Having immersed herself in the industrial reality, Maria could not help but feel fascinated, 'We, industrial city dwellers, are used to seeing these sites, walking or driving past them every day or even working there. Everything around us becomes mundane and imperceptible. Walls, fences, pipes, corners, stones, and smoke – all too familiar. We dream of the faraway shores, seas, and scorching sun. We are always in a hurry to live and strive for the best finding temporary solace in the Internet, TV, and watching good and not-so-good movies, etc. But we fail to notice important things. Important is what is around us, our imperfect world, a city, an entrance hall, a bridge, a rainwater downpipe, and the factory's pipes. This world is beautiful, just look at it…'


In her reflections, Maria Diesel glorifies Vyksa and compares the factory's pipes with the tube-shaped brass instruments of a symphony orchestra. As if leaping to avant-garde, the artist once again demolishes the border between the industrial and the cultural – the two milestones Vyksa's identity is built around. Instead of imposing on us a contract between the industrial reality and some strange beauty she would like to instil, Maria suggests that we explore the world around us through a new prism. This prism implies that 'industrial aesthetics' is a self-sufficient fully-fledged phenomenon that does not require any extra aestheticization or embellishments.
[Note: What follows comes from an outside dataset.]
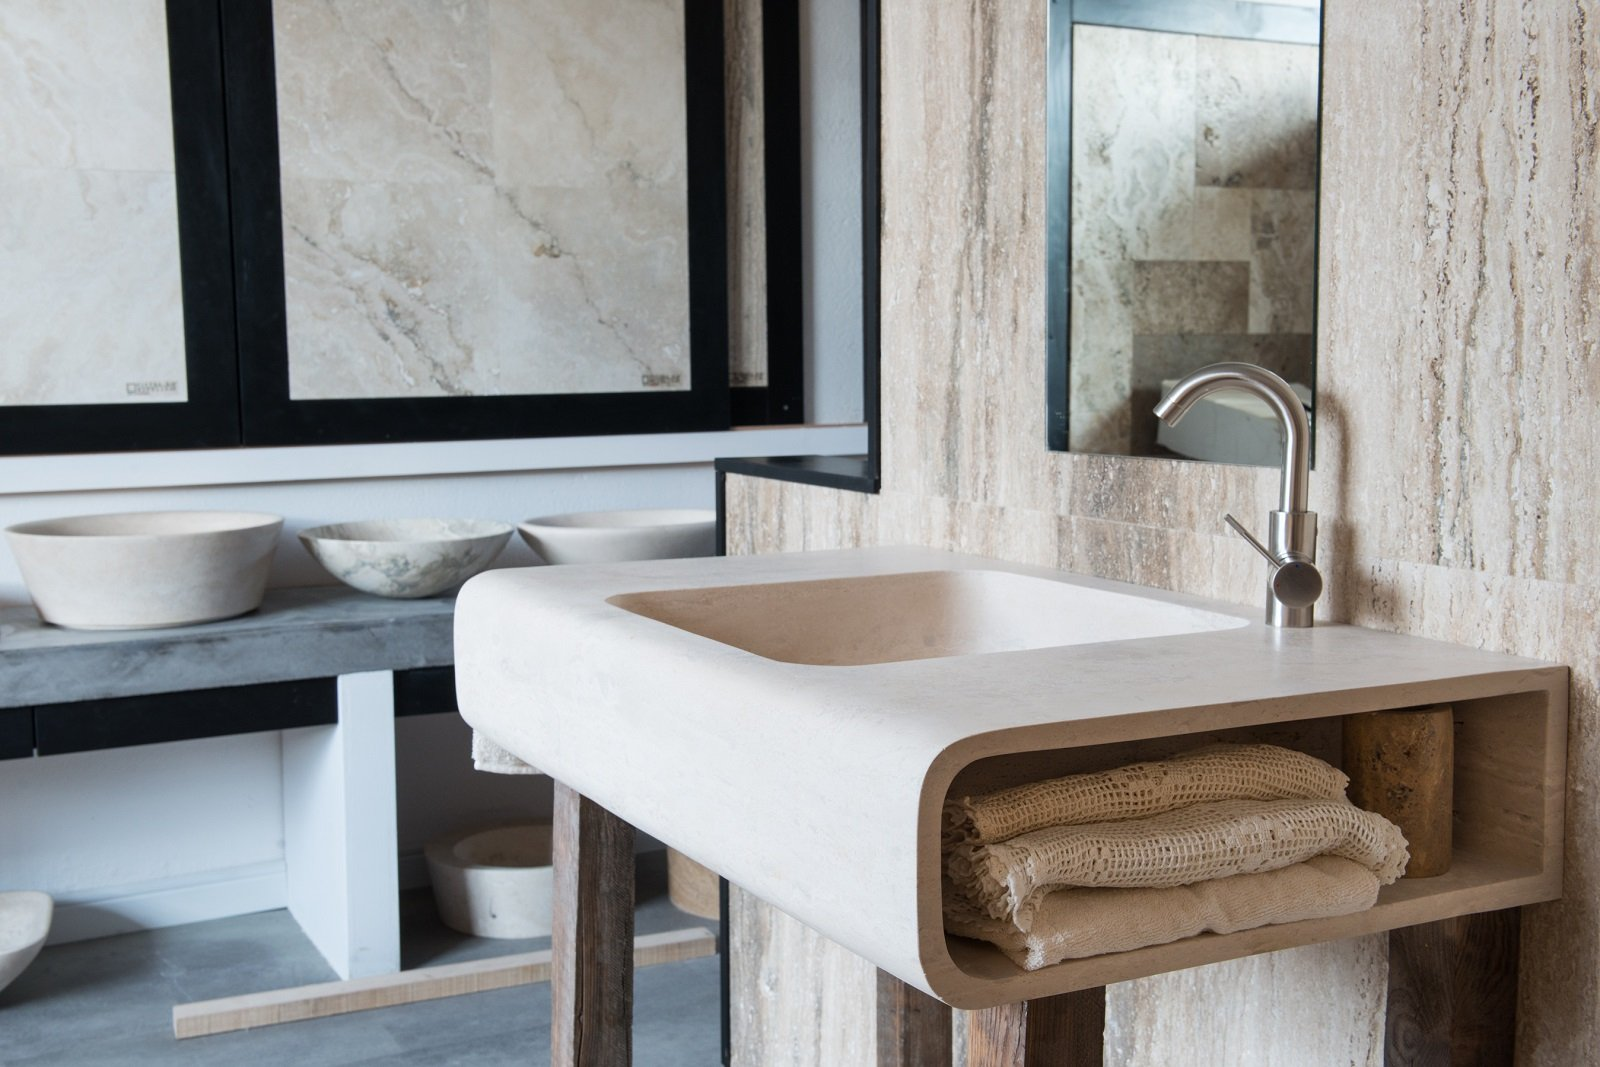 Bagno Piccolo Di Design : Soluzioni salvaspazio per il bagno per risparmiare centimetri

It is ready to serve not as a platform for new productions and images but as a basic functional semantic and visual code of reality we no longer need to decipher but see, accept, and admire because it is truly magnificent.

Maria Diesel
1977
Maria is a ceramic artist, born in the Moscow region, lives and works near the town of Istra. For the artist industrial objects, pipes, bridges and other technical structures become the basis of aesthetic inspiration. She observes, analyzes, processes and sublimates her visual experience into objects of industrial form.
She studied at the workshop of Arseniy Zhilyaev at The Learning Environment, at the New Ceramics School by Tatiana Punans, at the British Higher School of Design, at the Trinity School of Art (workshops of Russian icons and icon painting). She was nominated for the Russian Project 2020 award by Interior + Design magazine in the Art & Craft category.